Interplay of synergy and redundancy in diamond motif

TL;DR

This paper uses partial information decomposition to analyze synergy and redundancy in biochemical network motifs, revealing how these information components influence high-fidelity signal transmission.

Contribution

It applies the net synergy metric to a diamond motif and its sub-motifs, providing new insights into their information processing mechanisms and the roles of network parameters.

Findings

Synergy and redundancy patterns differ between motifs.

Time scales and activation coefficients significantly affect information flow.
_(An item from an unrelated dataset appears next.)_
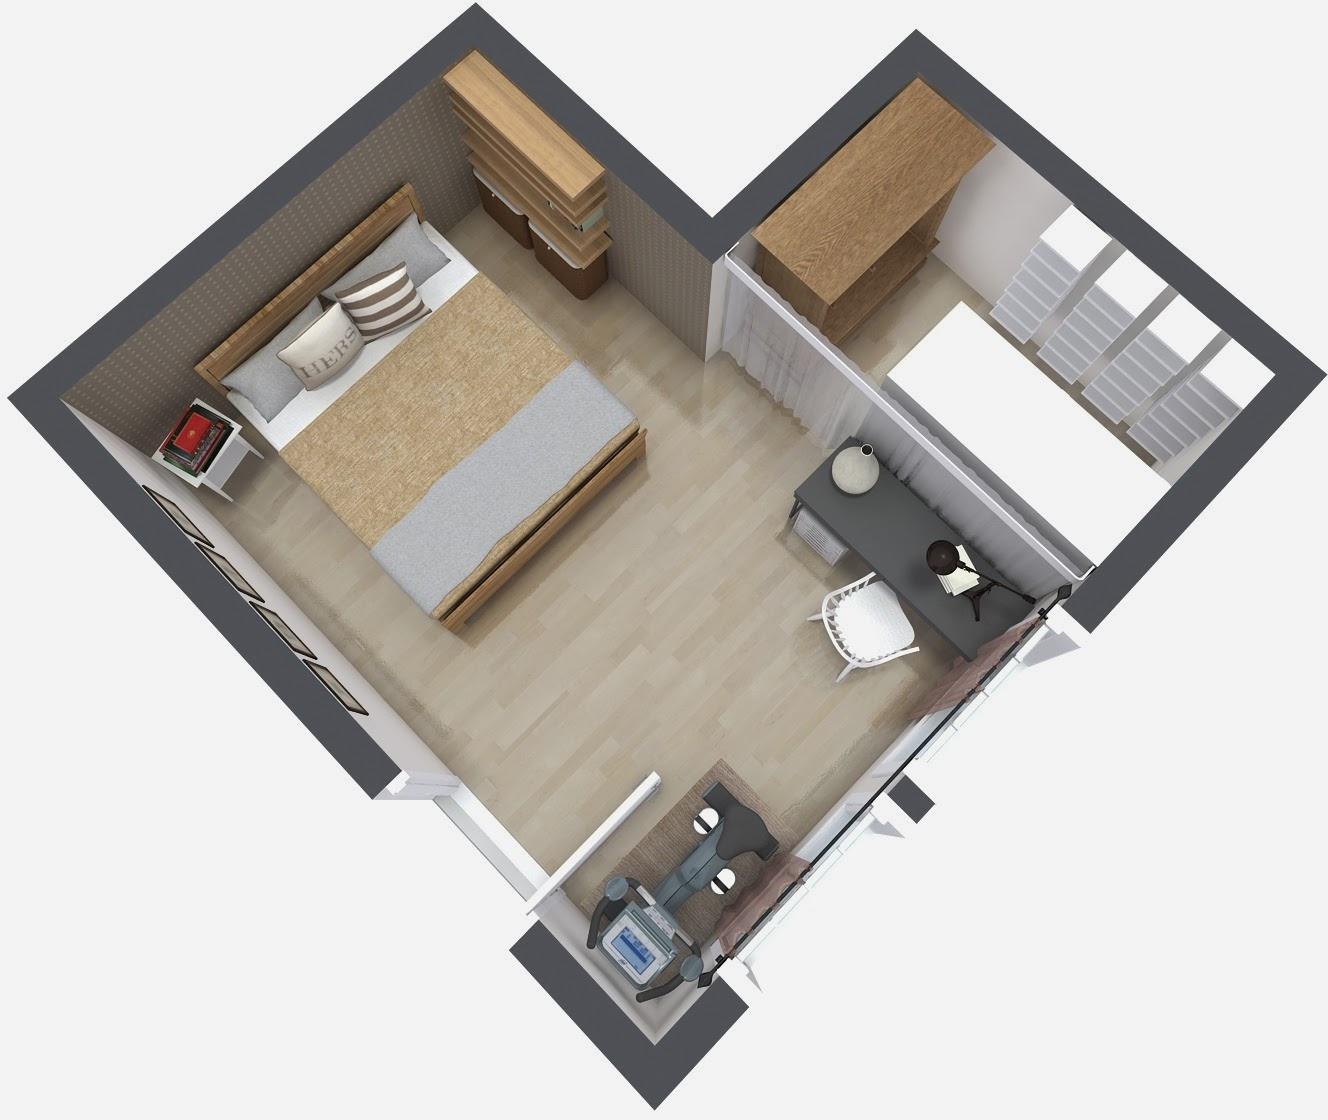 Raumplaner 3d simple badezimmer d planer online design for Kostenloser 3d raumplaner

Decomposition explains the origins of synergy and redundancy.

Abstract

The formalism of partial information decomposition provides independent or non-overlapping components constituting total information content provided by a set of source variables about the target variable. These components are recognised as unique information, synergistic information and, redundant information. The metric of net synergy, conceived as the difference between synergistic and redundant information, is capable of detecting synergy, redundancy and, information independence among stochastic variables. And it can be quantified, as it is done here, using appropriate combinations of different Shannon mutual information terms. Utilisation of such a metric in network motifs with the nodes representing different biochemical species, involved in information sharing, uncovers rich store for interesting results. In the current study, we make use of this formalism to obtain a comprehensive understanding of the relative information processing mechanism in a diamond motif and two of its sub-motifs namely bifurcation and integration motif embedded within the diamond motif. The emerging patterns of synergy and redundancy and their effective contribution towards ensuring high fidelity information transmission are duly compared in the sub-motifs and independent motifs (bifurcation and integration). In this context, the crucial roles played by various time scales and activation coefficients in the network topologies are especially emphasised. We show that the origin of synergy and redundancy in information transmission can be physically justified by decomposing diamond motif into bifurcation and integration motif.